Abdellatif Laâbi ! Ce poète marocain vit aujourd’hui en France, il écrit en français. Au Maroc, dans les années 70, il fonde la revue Souffles qui jouera un rôle considérable dans le renouvellement culturel au Maghreb. Cet engagement lui vaudra de lourdes peines de prison où il trouvera la force de dresser l’inventaire de ses rêves parmi lesquels on découvre (Abdellatif Laâbi. L’Arbre à poèmes/Anthologie) :

« Me réveiller un jour parlant toutes les langues du monde

Libérer les arbres de leur immobilité

Persuader Sisyphe qu’il a été victime d’une erreur judiciaire »

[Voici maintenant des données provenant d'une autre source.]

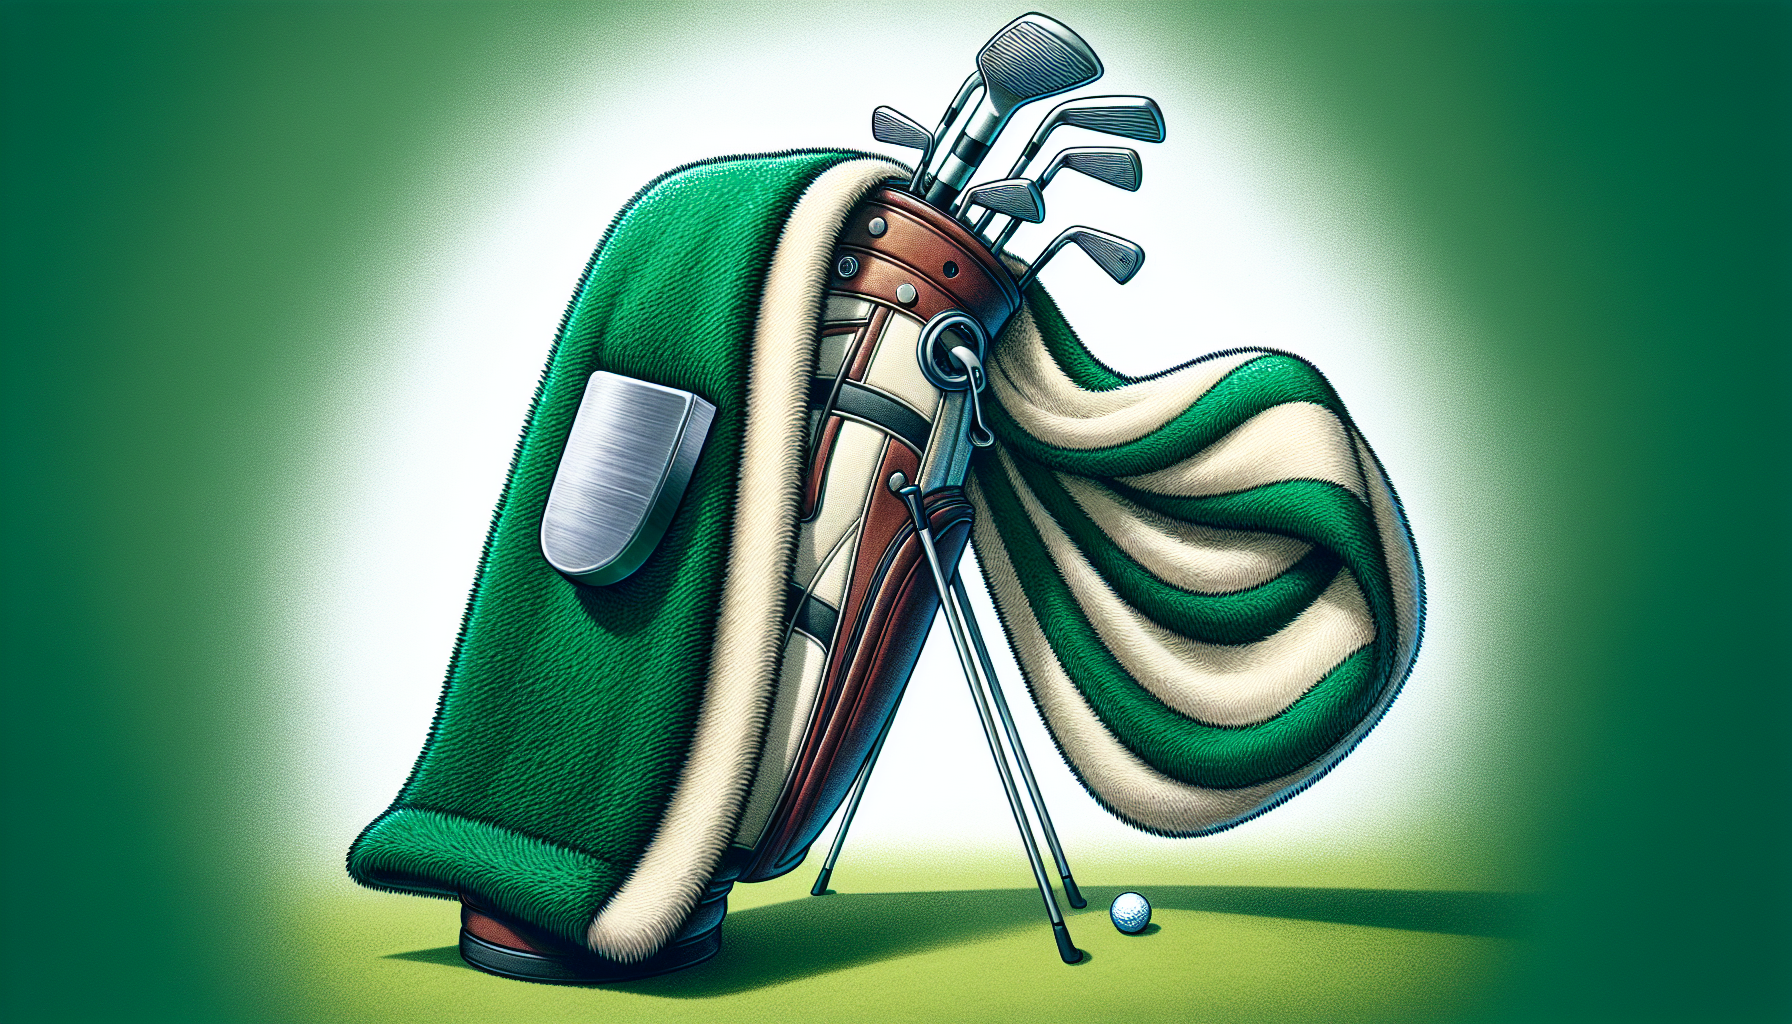 Illustration of a golf towel with a magnetic attachment
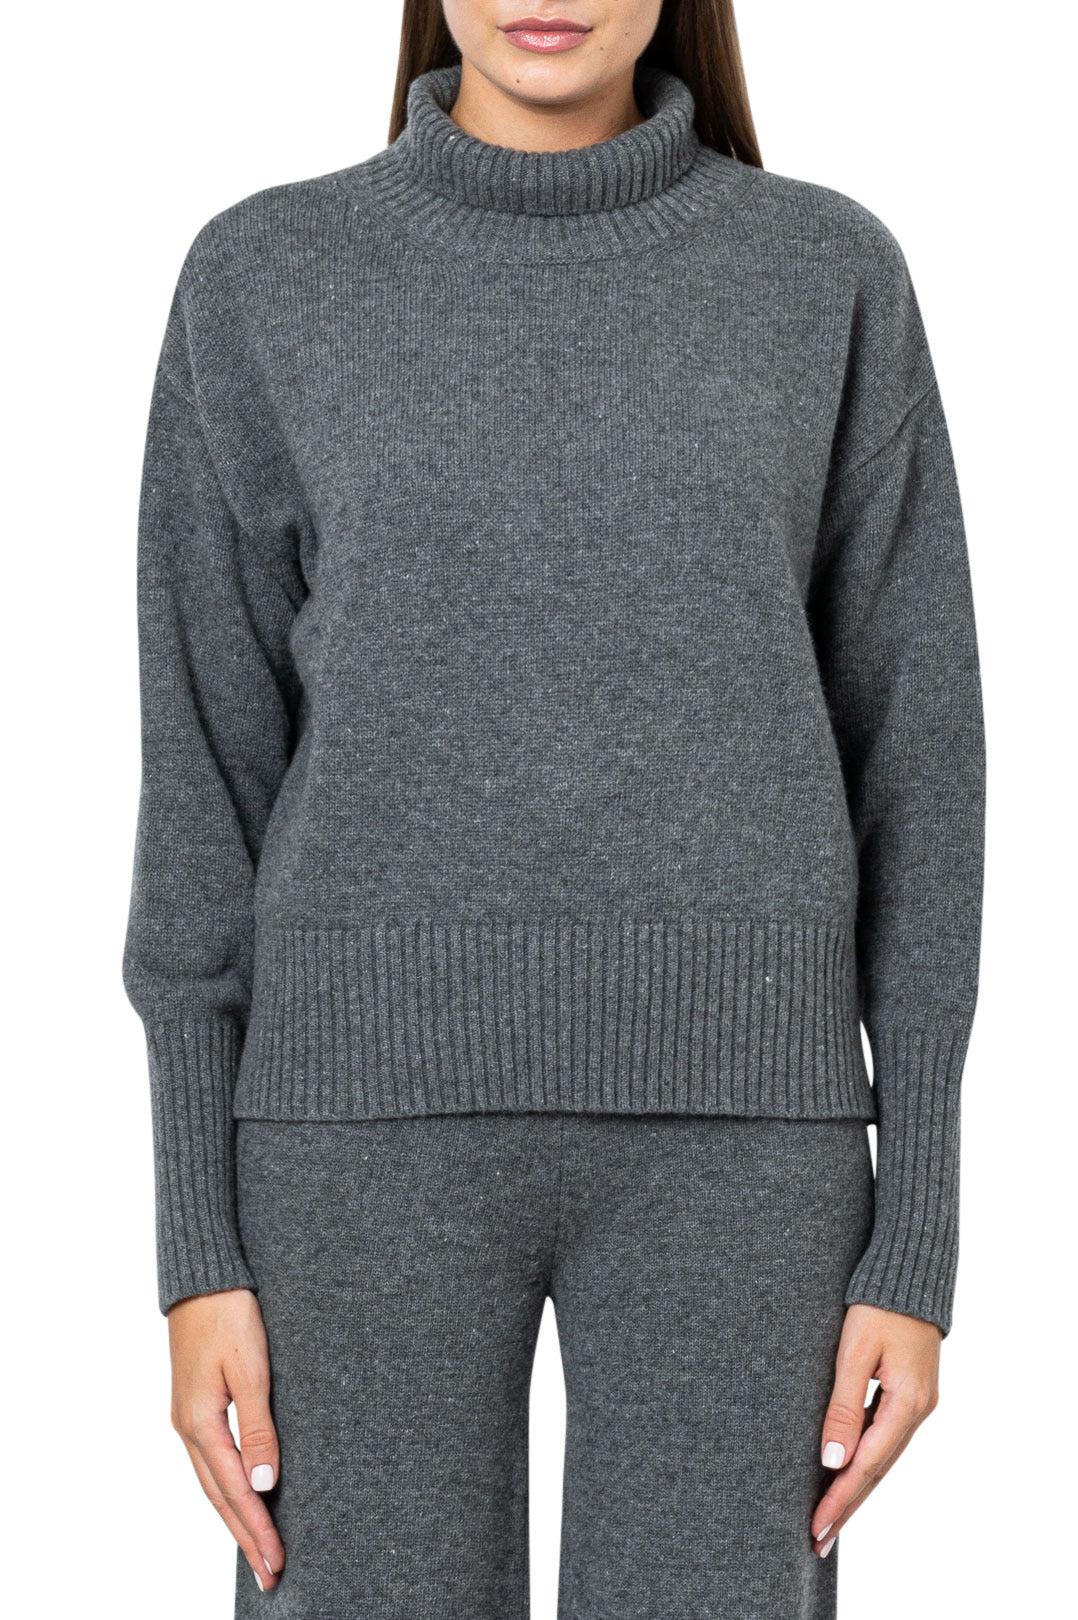 Drae-Wool and cashmere sweater-BD-KN-21PF-01-dgallerystore

Je voudrais citer aussi Hala Mohammad, une poétesse et réalisatrice syrienne, je l’ai découverte au festival Voix vives de Méditerranée qui se tient chaque été à Sète. Elle vit à Paris depuis les évènements qui bouleversent la Syrie. On trouve deux de ses recueils aux éditions Bruno Doucet : « Prête-moi une fenêtre » et « Les hirondelles se sont envolées avant nous ». C’est une poésie de forme libre, traversée par la douleur de l’exil :

« Avec le fil vert j’ai accroché la clé au mûrier, mon amour

Pour que le poème ne m’attende pas

Pour que les oiseaux ne m’attendent pas

Pour que mon absence ne m’attende pas

Devant la porte ».

Vous êtes installée à Marseille, où vous animez également des stages. Dites-nous en plus sur ce bel endroit qui vous accueille?

Les premiers ateliers Aleph-Écriture à Marseille sont accueillis dans les locaux de Weeno. Cette école propose des formations en œnologie, des cours d’anglais sur le vocabulaire spécifique et des ateliers de dégustation. C’est un bel espace, vaste et lumineux, au centre de la ville, un cadre propice tant à l’écriture que – je le suppose – à la dégustation, mais nous nous ne pratiquons pas les deux ensemble !

DP

Anne Baatard a exercé le métier de libraire et coordonné des projets d’édition. Sa bibliothèque traverse le temps et les frontières en compagnie de Bashô, Montaigne, Cendrars, Modiano, Murakami, Sophie Calle, Cécile Coulon…

Formée par Aleph Ecriture à l’animation d’ateliers, elle est aussi biographe et vit à Marseille.